Savaşacağımı bile bilmediğim, ömür boyu süren bir savaşla savaşıyordum. Yalnız olduğumu sanıyordum. Bende yanlış olan bir şey olduğunu düşünmüştüm. Bu dünya için çok kırılgan olduğumu düşündüm.
Belirtilerimi tarif ettiğim gibi doktorum onaylayarak başını salladı. Bana çeşitli şeylerin yardımcı olabileceğini söyledi, ama gerçekte kaygılı olmakla uğraştığımı söyledi. 31 yaşındayken nihayet bir cevabı aldım. Denemek, egzersiz yapmak, sağlıklı yemek ve kafeini kesmek gibi doğal şeyler önerdi. Ayrıca bana yardımcı olmak için günlük, düşük dozda bir antidepresan reçete etti.
Teşhisten sonra kaygım yavaşça düzeldi. Hala dünyanın omuzlarımda oturuyormuş gibi hissettiği anlarım var, ama çoğunlukla, çok daha iyi. Bir ay ilacı aldığımda kocam daha sakin göründüğümü fark etti. Dürüst olmak gerekirse, daha sakin hissettim. Hayatın kaosuyla uğraşmak, evlenmek ve üç çocuk yetiştirmek biraz daha kolaydı. Disiplin ile uğraşırken sigortam daha uzun sürdü, ruh hallerimdeki inişler ve çıkışlar birbirine daha yakındı ve dünyayla yüzleşmek için daha donanımlı hissettim. Tabii ki hala panik ya da endişe anlarıyla uğraşıyorum, ancak neye karşı olduğumu bilmek işimi kolaylaştırdı. Artık herkesten ve her şeyden kaçınmak yerine, tanımlayabilir ve tetikleyicilerimden kaçınabilirim.

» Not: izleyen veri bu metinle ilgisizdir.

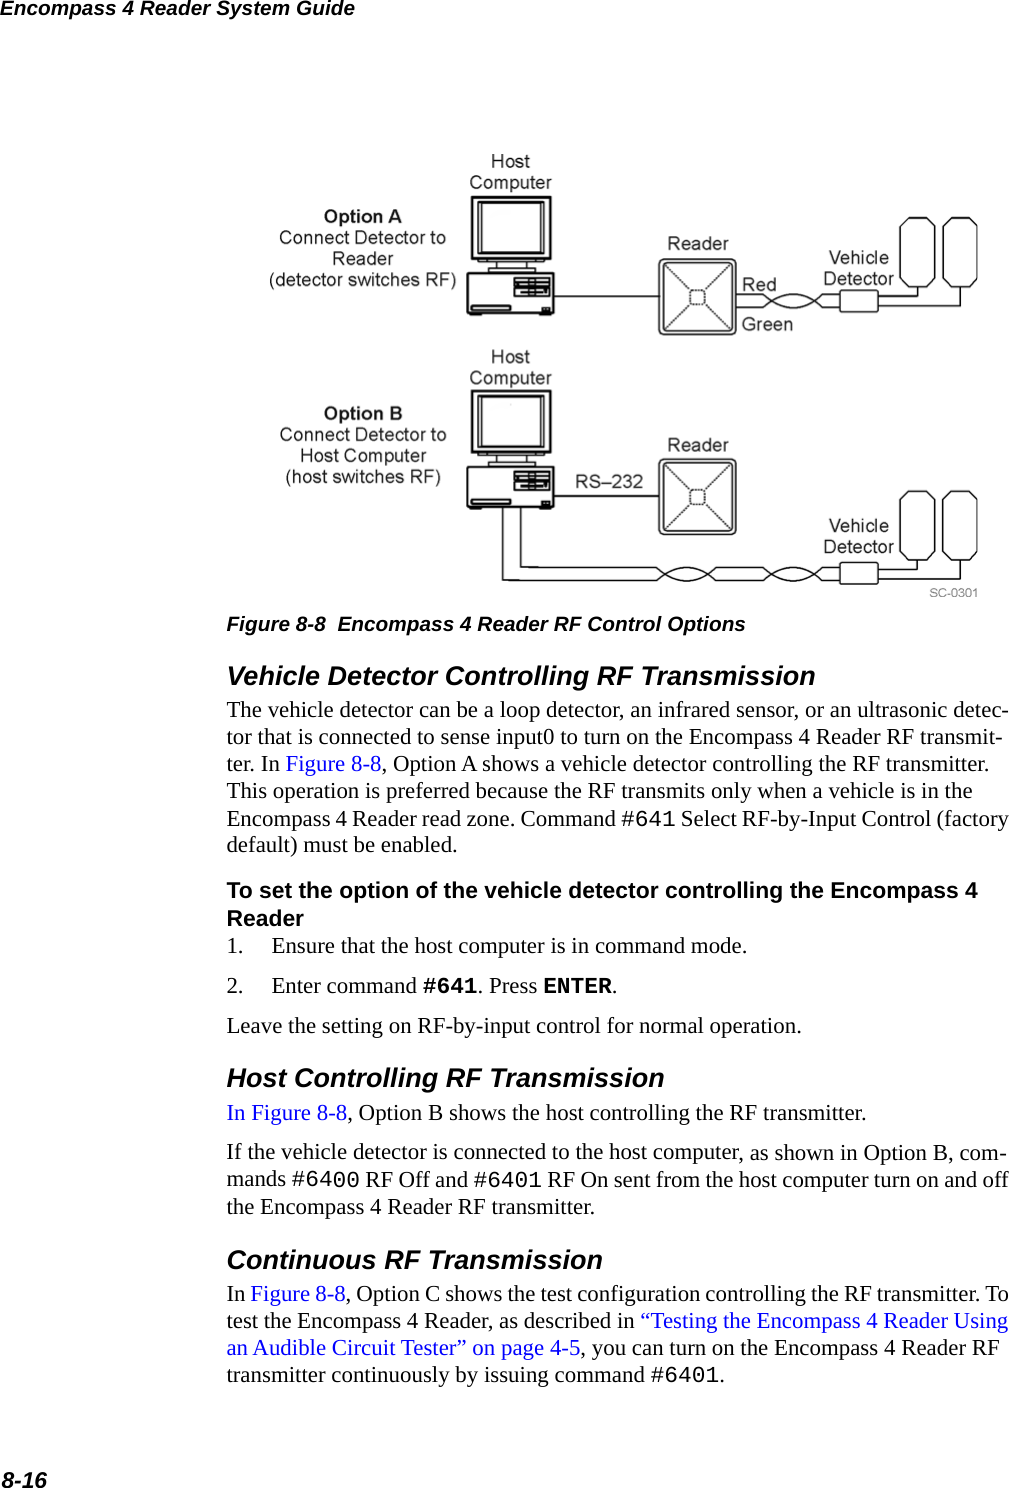 Encompass 4 Reader System Guide8-16Figure 8-8  Encompass 4 Reader RF Control OptionsVehicle Detector Controlling RF TransmissionThe vehicle detector can be a loop detector, an infrared sensor, or an ultrasonic detec-tor that is connected to sense input0 to turn on the Encompass 4 Reader RF transmit-ter. In Figure 8-8, Option A shows a vehicle detector controlling the RF transmitter. This operation is preferred because the RF transmits only when a vehicle is in the Encompass 4 Reader read zone. Command #641 Select RF-by-Input Control (factory default) must be enabled.To set the option of the vehicle detector controlling the Encompass 4 Reader 1. Ensure that the host computer is in command mode.2. Enter command #641. Press ENTER.Leave the setting on RF-by-input control for normal operation. Host Controlling RF TransmissionIn Figure 8-8, Option B shows the host controlling the RF transmitter. If the vehicle detector is connected to the host computer, as shown in Option B, com-mands #6400 RF Off and #6401 RF On sent from the host computer turn on and off the Encompass 4 Reader RF transmitter. Continuous RF TransmissionIn Figure 8-8, Option C shows the test configuration controlling the RF transmitter. To test the Encompass 4 Reader, as described in “Testing the Encompass 4 Reader Using an Audible Circuit Tester” on page 4-5, you can turn on the Encompass 4 Reader RF transmitter continuously by issuing command #6401.

Endişem var ama ben öyle biri değilim. Anksiyete, muhtemelen her zaman mücadele edeceğim bir şeydir, ama bunun bir şekilde beni serbest bıraktığını bilmek. Savaşacağımı bile bilmediğim, ömür boyu süren bir savaşla savaşıyordum. Yalnız olduğumu sanıyordum. Bende yanlış olan bir şey olduğunu düşünmüştüm. Bu dünya için çok kırılgan olduğumu düşündüm. Dünya her zaman beni çok etkiledi ve hâlâ çekiyor, ama üstesinden gelmeme izin vermeyi reddediyorum. Kaygı duyduğumu bilmiyordum ama şimdi yaptığım için her gün savaşıyorum. Ayrıldığımda kendime karşı sabırlı davranıyorum, geri döndüğümde gurur duyuyorum ve sonunda korkularımla yüzleşebiliyorum. Evet, endişe duyuyorum ama kükrememi duy.